Maria Fernandez, CEO:

"Ich habe einen kooperativen Führungsstil der durch emotionale Kompetenz gekennzeichnet ist. Ich versuche ein Vorbild zu sein und Mitarbeiter in Entscheidungen einzubeziehen. Es ist wichtig, Teammitglieder nicht nur nach betrieblicher Notwendigkeit einzusetzen sondern sie zu ermutigen, Interessen und Entwicklungswünsche zu definieren und diese zu fördern. Dadurch erreiche ich eine hohe Motivation und die Bereitschaft die „extra Meile“ zu gehen um gemeinsam Ziele zu erreichen und Erfolge zu feiern.

Ich sehe einen höheren Anteil meiner männlichen Kollegen, die einen aufgabenorientierten Führungsstil pflegen. Von ihnen habe ich gelernt, mutiger zu sein und mir den Weg zum Ziel nicht mit Perfektionismus zu verbauen."

eps gmbh

Céline Kühnel, Geschäftsführerin:

"Für mich nehmen Persönlichkeit und Sozialisation maßgeblich Einfluss darauf, wie jemand seine Führungsposition ausfüllt, weniger das Geschlecht. Ich glaube aber, dass unter Frauen eher transformationale Führungskräfte zu finden sind, die das Gemeinschaftsgefühl im Team stärken. Dafür nutzen sie ihre Empathie und Kommunikationsstärke und setzen auf Motivation, Fairness und Vertrauen. Heute wissen Frauen, dass sie nicht auf archaische Attitüden zurückgreifen müssen, um ein Unternehmen zu führen."

sporteo

Katharina Lenhart, Geschäftsführung Organisation:

„Da wir bei sporteo den direkten Vergleich haben, bin ich insbesondere in meiner Position bestrebt mehr auf der persönlichen Ebene zu arbeiten als meine Kollegen, die in ihre Rolle tendenziell stärker mit sachlicher Führung agieren. Die weibliche Intuition ist in meinen Augen in jedem Team und Unternehmen sehr wichtig und wirkt sich positiv auf die Mitarbeitermotivation und das Arbeitsklima aus.“

Eventicum AG

Beatrice Trachsel, Inhaberin Eventicum AG:

«Ich müsste jetzt wohl sagen, dass ich als Frau empathischer, einfühlsamer und organisierter führe als meine männlichen Kollegen. Ich glaube jedoch nicht, dass ein Geschlecht anders oder sogar besser führt als das andere.
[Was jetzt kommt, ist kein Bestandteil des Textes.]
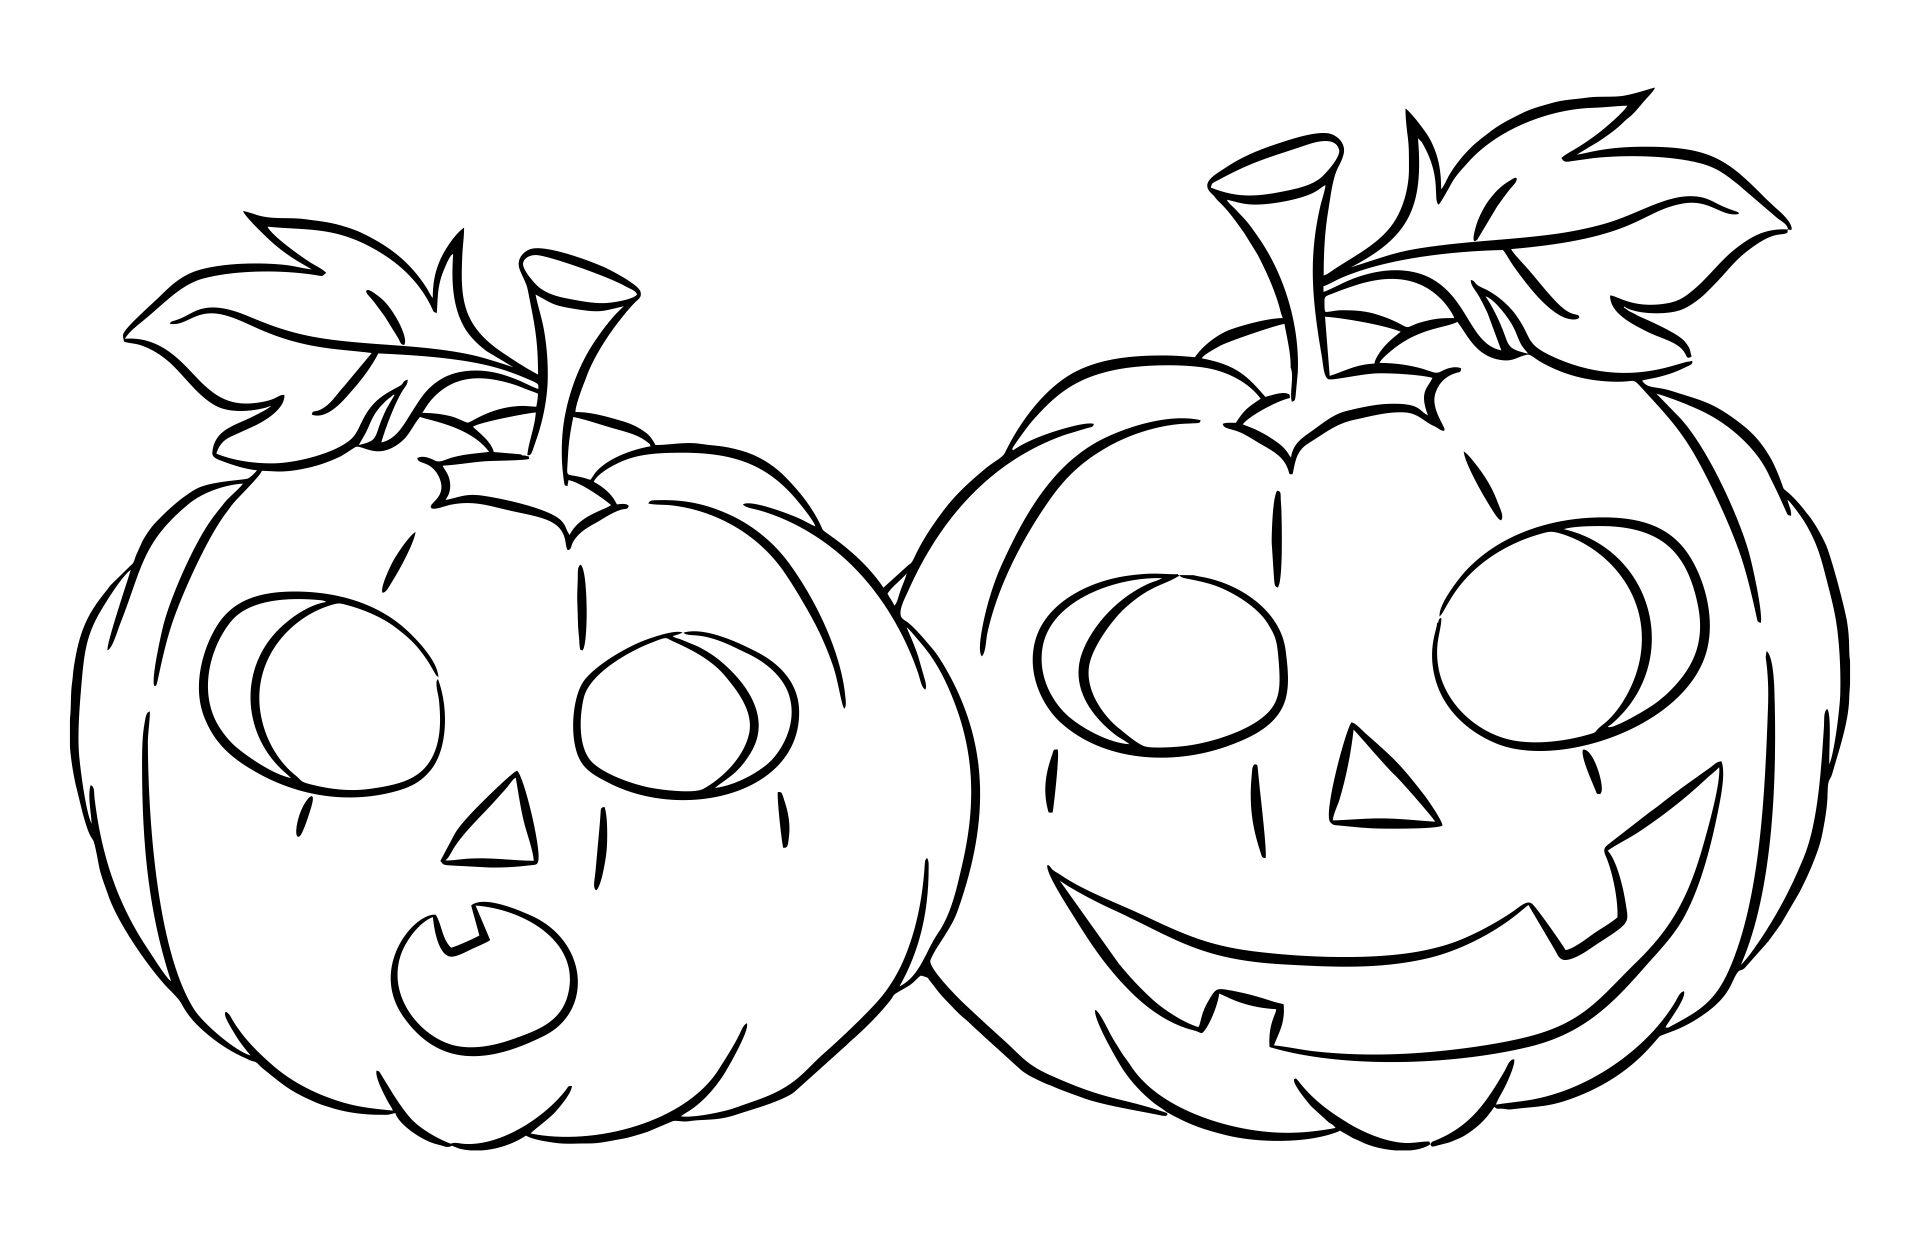 Halloween Pumpkins Printable Coloring Pages For Kids
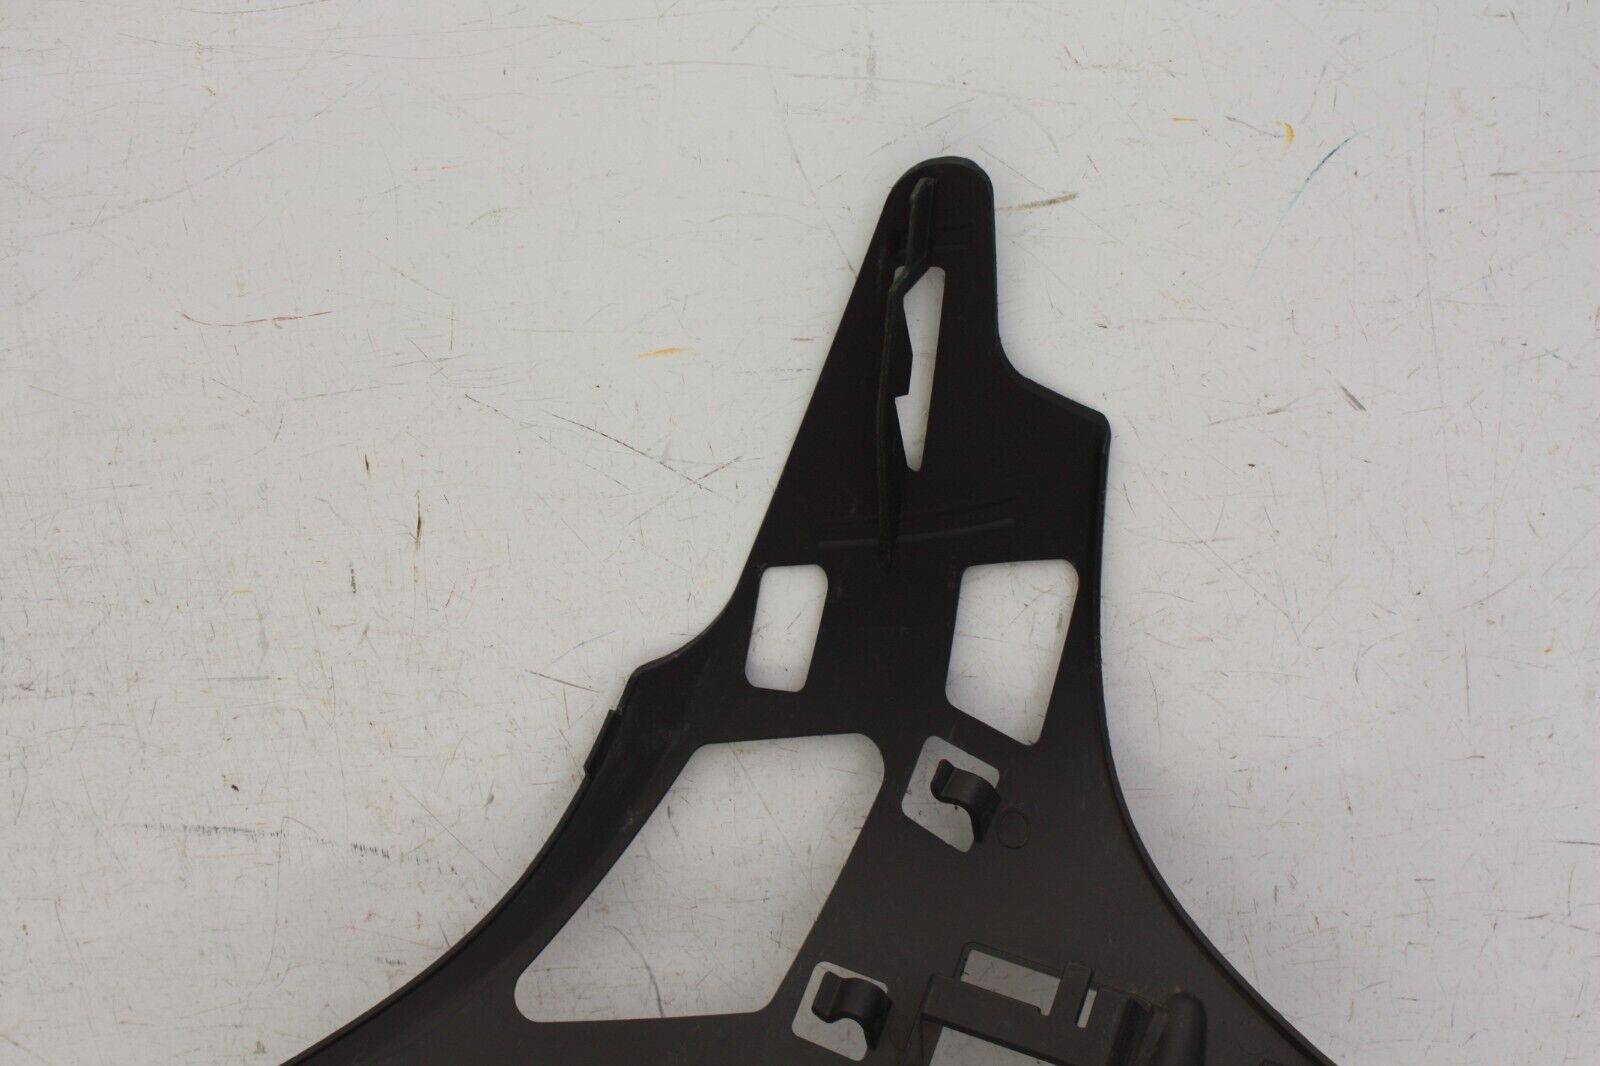 Mercedes-S-Class-W222-AMG-Front-Bumper-Left-Bracket-2017-TO-2021-A2228856800-176352019956-11

Vielmehr ist das doch eine Persönlichkeitsfrage und der Führungsstil kann sich mit den Jahren und der Erfahrung sowie dem Umfeld, in dem man sich bewegt, auch verändern. Ich lasse meinen Mitarbeitenden generell viele Freiheiten, sie müssen dafür aber auch die nötigen Skills und Kompetenzen mitbringen. Denn das ist auch ein wichtiger Teil der Führung – die besten Leute in Team vereinen.»

Friedreich Hospitality

Christine Friedreich, Geschäftsführerin:

„Amikaler. Emotionaler. Menschlicher. Das sind Worte, die mir in den Sinn kommen, wenn ich meinen Führungsstil, mit dem männlicher Vorgesetzter aus meiner Vergangenheit vergleichen müsste. Ich denke, dass Frauen oft einen feinfühliger sind und so besser auf Mitarbeiter:innen eingehen können. Nichtsdestotrotz bin ich davon überzeugt, dass die Unterschiede Großteils mehr Vorurteile sind, als sie der Realität entsprechen - Führungskräfte, gleich ob Frau oder Mann, haben individuelle Stärken, die es einzusetzen gilt.“

PLUSPORT

Hanni Kloimstein, Stv. Geschäftsführerin / Bereichsleiterin Sport & Entwicklung:

"Aus meiner Erfahrung ist ein guter Mix aus weiblichen und männlichen Mitarbeitenden ideal. Daraus entsteht die beste Zusammenarbeit, was sich auf das ganze Unternehmen und die Organisation auswirkt. Für mich sind die Werte Offenheit, Respekt und Toleranz zentral und ich versuche dies Tag für Tag vorzuleben. Nur auf diese Weise können sich unsere Mitarbeitenden mit dem Kader und dadurch mit der ganzen Organisation identifizieren und sind motiviert, ihr Bestes für unsere Mission zu geben.“

KKL Luzern Management AG

Alexandra Schmutterer, Abteilungsleiterin Sales & Marketing:

"Die Unterschiede meines Führungsstils zu dem der männlichen Kollegen sind meiner Meinung nach nur minimal. Wir verfolgen alle die gleichen Ziele und agieren entsprechend unserer Führungsgrundsätze. Allerdings setze ich die Schwerpunkte in der Führung mehr auf Kreativität, Empathie und Teamfähigkeit – eher feminine Attribute, während Männern nachgesagt wird, eine gewisse «Ellenbogen-Mentalität» gerne an den Tag legen. Als Führungskräfte (egal ob männlich oder weiblich) haben wir alle dieselben Herausforderungen - das Wohl der Firma sowie der Mitarbeitenden sicherzustellen. Für letzteres sind kommunikative Fähigkeiten gefragt sowie Motivationsfähigkeit. Ich denke, dass wir Frauen hier einen kleinen Vorteil haben :) ."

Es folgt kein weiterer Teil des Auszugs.